By Mark FerelliBackup and recovery are cornerstones for anyone building a data protection structure. From the earliest days of computing, setting aside a recoverable second copy of essential business data has made the difference between a business’ survival and its painful death.
This is by no means an anecdotal consideration, and the inconvenience of lost data is the most trivial element of the equation. Studies by the University of Texas and the United States Small Business Administration assert that 93% of companies that sustain a loss of critical data go out of business within two years. No competent IT manager will assume that kind of risk. But, too frequently, businesses don’t talk about making a backup copy of critical data until a disaster strikes. At that point, it may well be too late.
The data center cannot be the sole repository of mission-critical and business-critical data. It is vulnerable to threats from within and without. Natural disasters like Hurricane Katrina or man-made catastrophes like the WTC attack make extreme and showy examples. Less showy and more mundane examples include fire or water damage, human I/O errors, and malicious attacks by viruses, worms or other malware. Modernly, then, offsite backups are less a convenience and more a necessity.
In an effort to promote continued education in this consistently vital area, Remote Backup Systems, Inc.-developer of offsite backup solutions that generate upwards of 1.5 million remote backups daily-offers 5 worthwhile tips regarding offsite backup and recovery.
1. Plan, plan, plan. The IT professional has an ethical mandate to safeguard the data with which he is entrusted. It is essential to secure data’s survivability, and is by no means an off-hand consideration. The kinds of different plans for disaster recovery and business continuity are legion, but in this context, the key planning consideration is a profound understanding of the data being managed. The question to be answered is: What data needs to be protected with offsite backup and recovery tools?
You must decide whether it is necessary to protect your operating system, word processing software, spreadsheet makers or similar applications programs. If you no longer have the original CDs, backup will be vital to re-installation. The records you keep should have priority…records are data objects that have either legal or business consequences should they be lost. These would include databases, including customer contact and ordering records as well as inventory control materials. Financial software data files, such as essential spreadsheets for accounting and human resources, need that layer of offsite protection. E-mail is a more and more important source of business records, and needs to be kept safe for both legal and operational transactions. Documents, including memoranda, work product text files, and other intellectual property should be kept under the umbrella.
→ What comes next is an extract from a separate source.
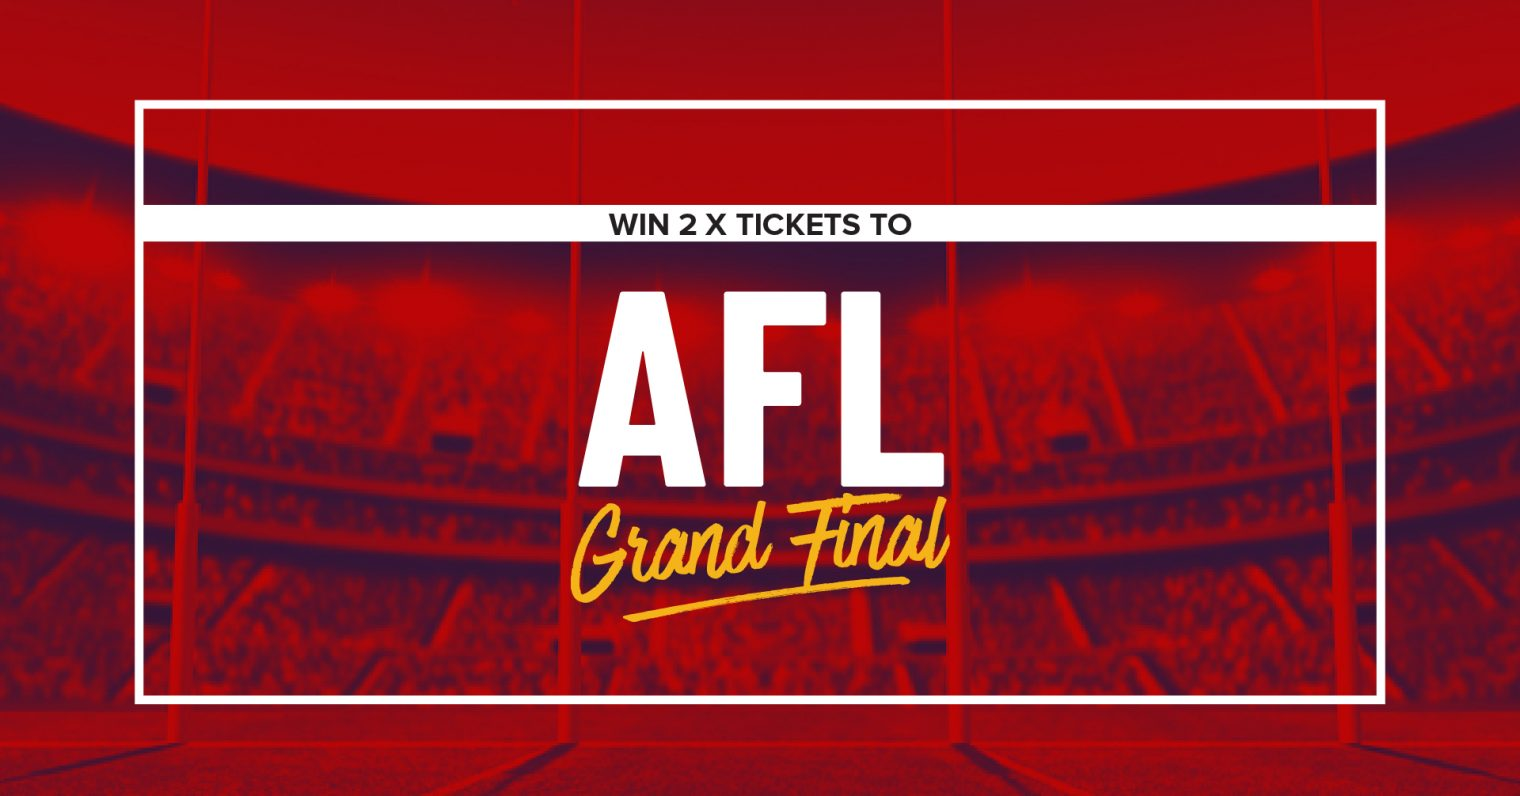 Grand Final AFL Tickets

2. Adhere to a schedule. Your data is only as secure as your last backup. Data important enough to be sent offline needs to be protected on a predictable, repeatable schedule. If your HDD crashes and there has been no backup in 4 weeks, that time frame is your window of vulnerability. Backup on a daily basis is commonplace, and is scheduled within a backup window that will not impact the ordinary daily operations and transactions of the network.
3. Offsite storage concerns. Transmitting data offsite requires a software solution that provides reliable and repeatable performance. Additionally, data that is going beyond your firewall should be encrypted against external inspection. Key databases with sensitive client identity information, billing records, tax records and payroll are favorite targets for network snoopers, identity thieves or greedy information brokers. The stronger the encryption method, the more likely it is that data raiders will give up and seek less cautious prey. The only eyes that should see sensitive company data are the users of it.
4. Vendor Selection. Selecting an offline backup software vendor can make the difference between an easy deployment and a nightmarish experience. At no time in your infrastructure development should you be more risk-adverse than in purchasing your remote backup system. The vendor needs to be experienced; brand-new players are untested, and untested solutions are too great a risk for the data your business survives on. It needs to provide sound pre-sale consulting advice and excellent after-sale support. Remote backup is nothing new, and established vendors can show a history of deployments covering a wide range of infrastructures and backup/recovery strategies.
5. Test, test, test. In an ideal world, there would never be a need to restore data from an offsite backup repository. But in the real world, both accidents and malicious conduct take place. The greatest mistake that disaster recovery planners continue to make is that they do not regularly test their plan. You need to have a comfort level that testifies to the reliability of the restore function in the event of catastrophic data loss. Just like backup, testing the restore function should be done on a regular, scheduled basis. Too many businesses have attempted to restore files only to find them unrecoverable. There is absolutely no replacement for regular testing of the backup and recovery subsystem.
Data is recognized as an important corporate asset that wants safeguarding. Aside from the direct financial losses that can result from catastrophic data loss, there are indirect effects that range from loss of investor confidence to customer flight to competitors and lost opportunity costs. The drivers for protecting data are many: smooth corporate operations and transactions, compliance with an array of regulations (Federal, state and local), litigation support and much more.
Business continuity, however, continues to claim primary share of mind when considering the assembly and deployment of an offsite backup and recovery operation. Businesses are now operating 24/7, depending on data traffic ranging from that original order to fulfillment and after-sale support of the customer. A well-planned, well-tested offsite backup and recovery infrastructure gets you back in business fast. The alternative doesn’t always bear considering, and hindsight will not un-ring the bell.